Because it's not?
You're omitting a lot of details in the implementation.
When you do:
Code: Select all
finalVertex = viewProj * (worldSkinning[idx] * inputVertex);
somethingElseOut = viewProj * somethingElseIn;
Ogre needs to do: Concatenate N world matrices for M objects and send them. Per pass, it sends the viewProj matrix.
When you do:
Code: Select all
finalVertex = viewProjMatrix * (localSkinning[idx] * inputVertex);
somethingElseOut = viewProj * somethingElseIn;
Ogre needs to do: send N local matrices for M objects, concatenate one extra world matrix against viewProj and send it for M objects. Per pass, it sends the viewProj matrix.
From the GPU side, having one extra matrix consumes more SGPR, which increases register pressure.
CPU side, In theory we send 64 more bytes than in the previous one, but we save lots of matrix concatenations by not having to do world * localSkinning[ i] in the CPU. However in practice the user will need this data anyway (e.g. bone attachments) thus it cannot be avoided.
If the skeletal system is specialized for a particular purpose (e.g. crowds) where you can get away with not doing world * localSkinning[ i] in the CPU, then local space is likely to be a win (unless you're heavily bandwidth bound or heavily limited by SGPR pressure... the latter being extremely rare).
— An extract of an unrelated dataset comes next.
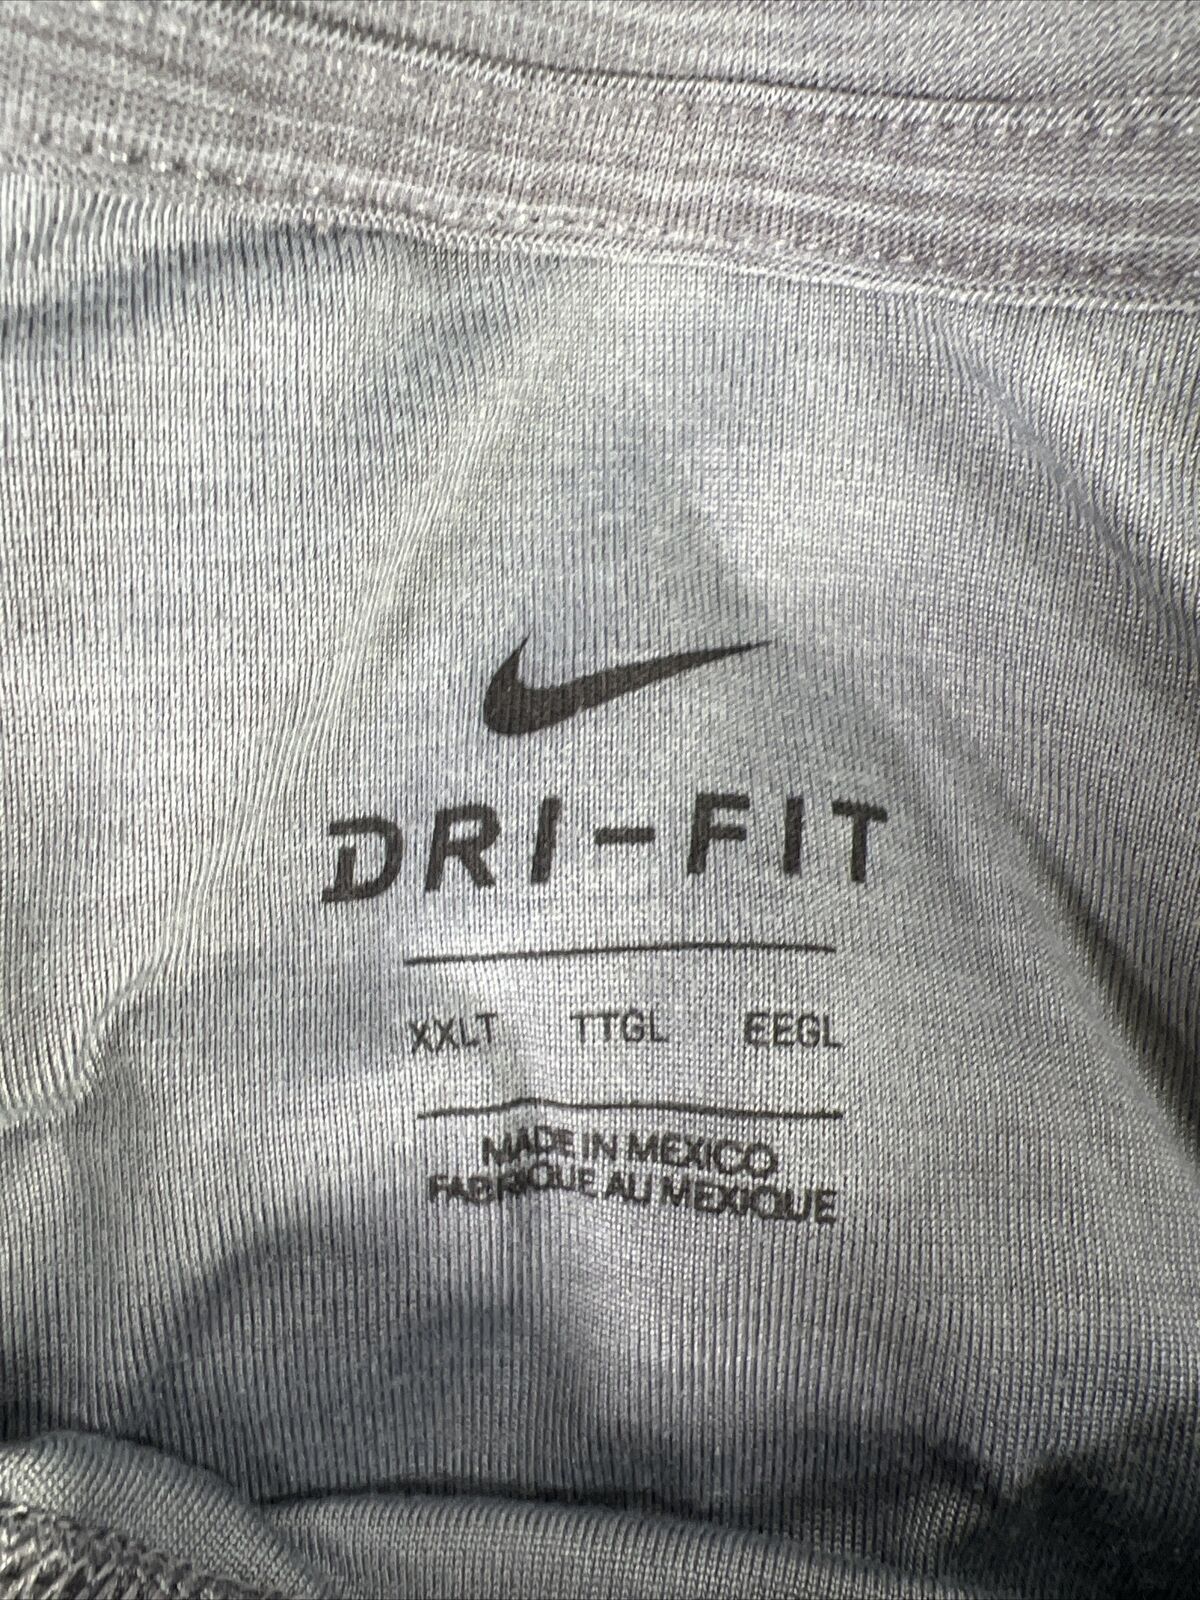 Camiseta deportiva de manga corta Nike Dri-Fit Breathe gris para hombre - XXL

Bonus points if you don't need viewProj * somethingElseIn, which means you can skip sending viewProj.
But again that works on specialized cases, and a generic engine often can't assume that.
This discussion also ignores that often the vertex shader may need to know the final position in world space, hence you actually need:
Code: Select all
worldSpaceVertex = worldSkinning[idx] * inputVertex;
// Do something with worldSpaceVertex
finalVertex = viewProj * worldSpaceVertex;
somethingElseOut = viewProj * somethingElseIn;
vs
Code: Select all
worldSpaceVertex = worldMatrix * (localSkinning[idx] * inputVertex);
// Do something with worldSpaceVertex
finalVertex = viewProj * worldSpaceVertex;
somethingElseOut = viewProj * somethingElseIn;
In this case, the vertex shader needs to do one extra matrix multiplication per object, per vertex, which is definitely more expensive.